Re: John Milton on SIAI

From: Eliezer S. Yudkowsky (sentience@pobox.com)
Date: Sun Nov 14 2004 - 14:38:03 MST


Damien Broderick wrote:
> from Paradise Regained:
>
> "Thou neither dost persuade me to seek wealth
> For empire's sake, nor empire to affect
> For glory's sake, by all thy argument.
> For what is glory but the blaze of fame,
> The people's praise, if always praise unmixed?
> And what the people but a herd confused,
> A miscellaneous rabble, who extol
> Things vulgar, and, well weighed, scarce worth the praise?
> They praise and they admire they know not what,
> And know not whom, but as one leads the other;
> And what delight to be by such extolled,
> To live upon their tongues, and be their talk?
> Of whom to be dispraised were no small praise--
> His lot who dares be singularly good.
> The intelligent among them and the wise
> Are few, and glory scarce of few is raised.

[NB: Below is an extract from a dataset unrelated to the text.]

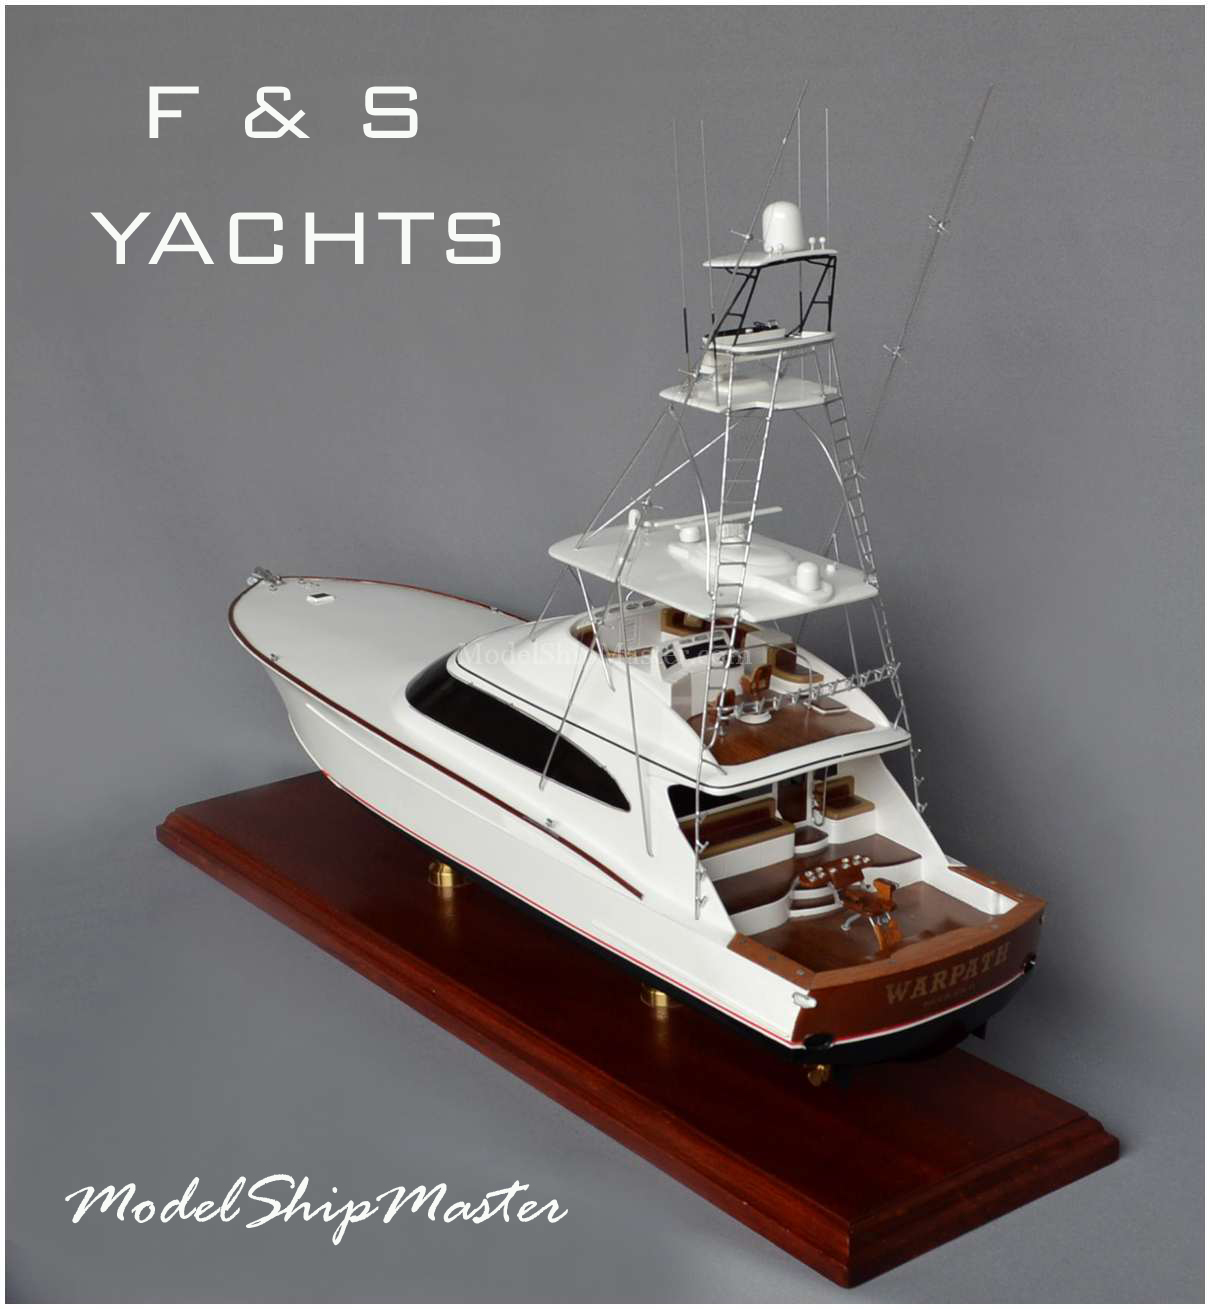 F&S boat model, Boatworks Sportfisher

Having pointed out this problem, how did Milton intend to fix it? Was
he just pointlessly rubbing in the fact that most people, by an accident
of birth, don't have the raw talent to become famous poets? Or so it
was back in the days when poetry rhymed or at least rhythmed; today,
alas, anyone can be a famous poet, and that is not so much an
improvement as an anti-elitist might have thought. If we wish a proud
few to become a proud multitude, we must raise up people, not lower our
standards. Unfortunately there's a limit to how much you can do to
create innate talent, if you can't add brainpower. Fortunately the laws
of physics don't prohibit us from adding brainpower. It just takes a
little longer.

Unlike the case if you feel guilty for being born unusually rich, you
can't give away smart. Not without a great deal of effort, on the order
of devoting your life to the challenge. In that I willingly gave over
my life to solving the problem of unequal distribution of intelligence,
I see no reason to pretend the problem doesn't exist.